When demanded for the name of her perpetrator, Angela “looked for it in the shadows” (Marquez 47) and “found it at first sight among the many, many easily confused names from this world and the other” (Marquez 47). The many, many names represent the possible men that came across Angela’s mind before she gave her answer, the fact that they are easily confused in the mind of Angela suggest that it she did indeed give a false answer to protect that man who took her virginity as she would not have forgotten the name of that man.
The narration describes the naming of Nasar out of all the potential names by Angela as her “[nailing] it to the wall with her well-aimed dart, like a butterfly with no will whose sentence has always been written” (Marquez 47). The comparison of Santiago’s situation after being named as the one who dishonored Angela and the situation of a butterfly pinned by a dart to a wall with no will is Marquez’s way of explaining that from that moment Nasar was as good as dead. Like a butterfly pinned to a wall, Nasar’s fate has been pinned by the naming from Angela, he cannot escape the vengeance of the Vicario brother.
Moreover, in this naming of Nasar, the motivation behind his murder is finally revealed. A false claim has that was forced to be given led to the death of an innocent man. Not only is this significant to the plot, as it reveals why Nasar was murdered even though he himself did not know upon his death, but it helps to magnify some of the themes in the novella. Themes such as honor and outdate conventions are strengthened by learning the motive behind the murder of Santiago Nasar. The importance of honor and the conventions of the culture are evident when the Vicario brothers learn that it was Nasar who dishonored their sister.

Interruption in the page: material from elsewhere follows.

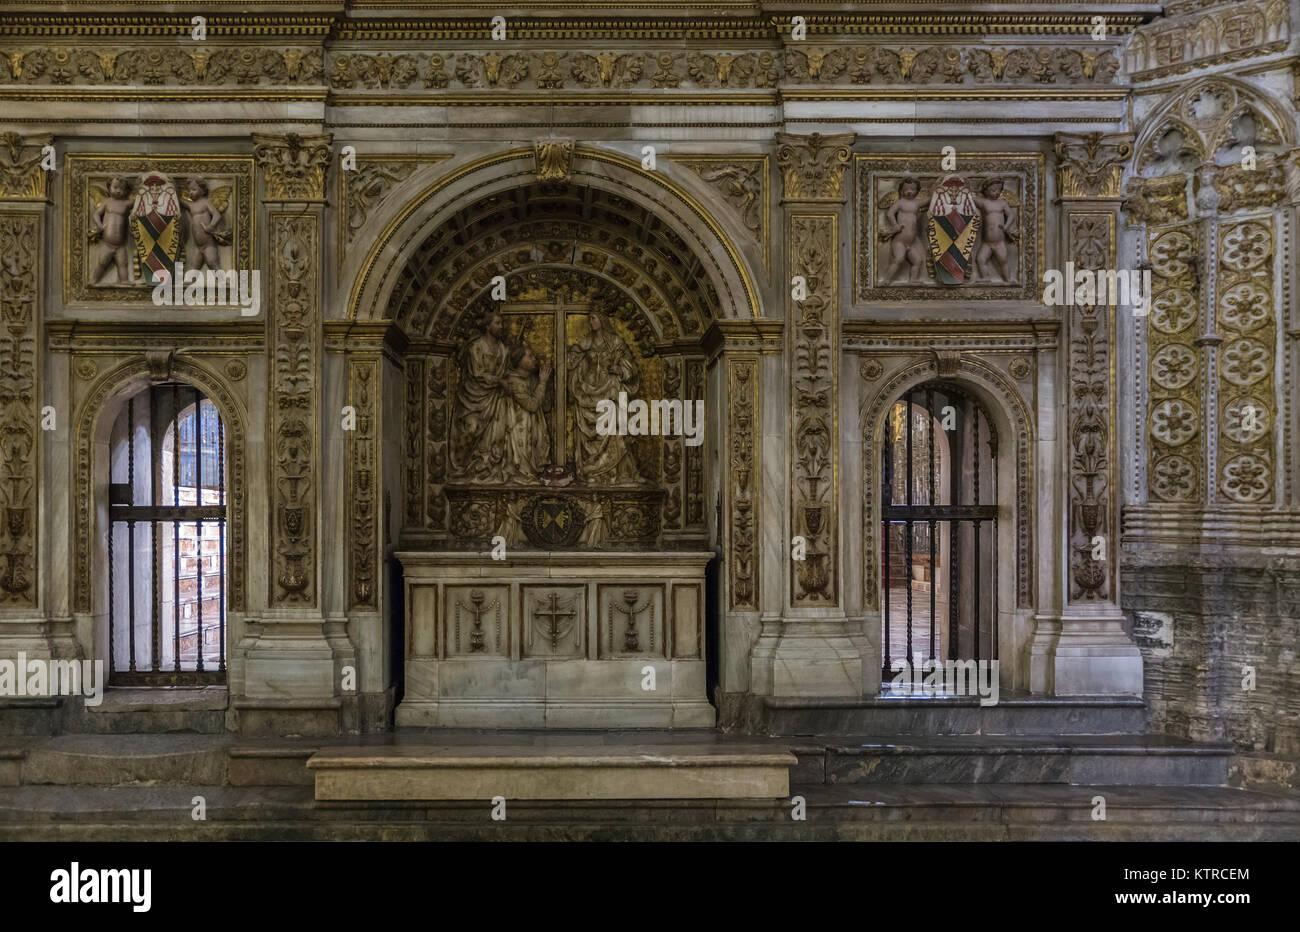 Toledo. Spain. - January 28, 2014: Small altar. Chapel located inside the Cathedral in Toledo. Spain. Stock Photo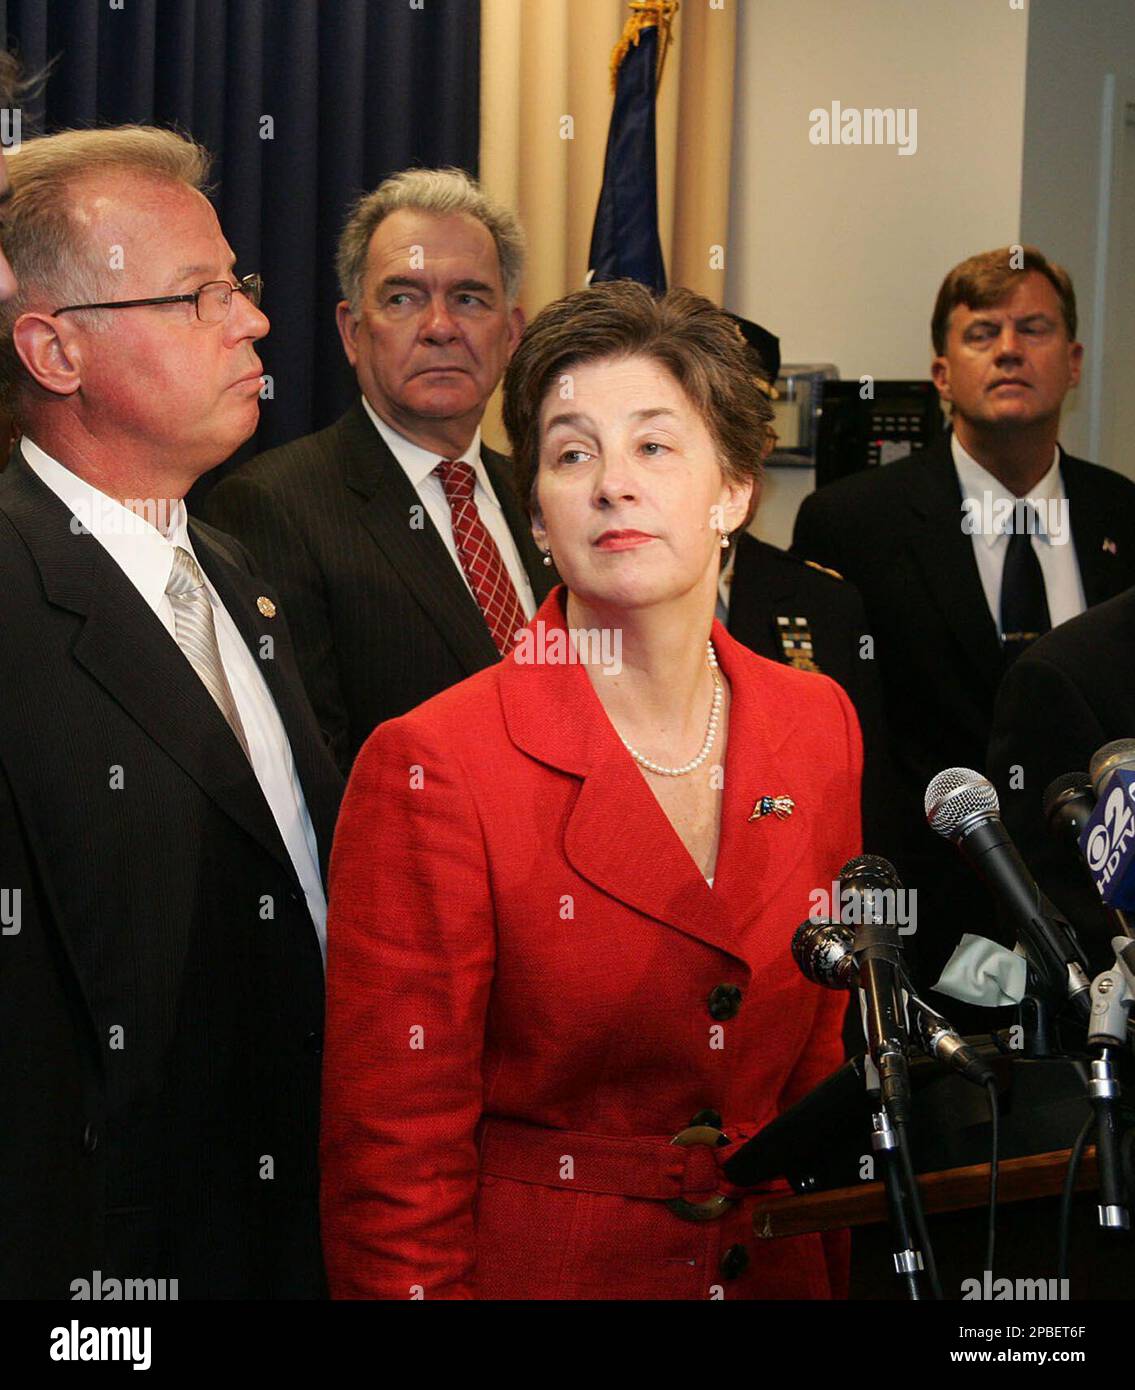 U.S. Attorney Roslynn R. Mauskopf, center, appears at an FBI news conference in New York, Saturday, June 2, 2007. Three people were arrested and one other was being sought Saturday in connection to a plan to set off explosives in a fuel line that feeds John F. Kennedy International Airport and runs through residential neighborhoods, officials close to the investigation said. (AP Photo/John Marshall Mantel) Stock Photo

They are forced to murder Nasar against their will for redemption while the rest of the society condones this and even encourages it because its is what is expected in the culture. This extract which is taken from the end of the second chapter in Gabriel Garcia Marquez’s, Chroncles of a Death Foretold, is significant because it reveals the motivation behind the murder of Santiago Nasar, an innocent man, and expresses the author’s thoughts of fate and outdated customs of the South American society.
Within this passage, Angela names Santiago Nasar’s as the man who took away her virginity for an unknown reason, which alongside with many other coincidences crystallize the idea that it was a death foretold and that it could not have been stopped. Along with this theme of fate, the role of women in this society can be seen through both Angela who represents one who defies the conventional role of women and Pura who epitomizes the role of women.
Angela’s defiance of the conventional woman’s role leads to her being returned back by her groom in disgrace, not only is she shamed but the family name has been stained. Marquez’s use of magical realism to portray Angela’s thoughts before naming Nasar and the use of the butterfly simile at the end of the passage infer the extremities that must be carried out in the society for a family to regain their honor. Word Count: 1492 Work Cited Marquez, Gabriel Garcia. Chronicles of a Death Foretold. Trans. Gregory Rabassa. New York: KNOPF, 1982.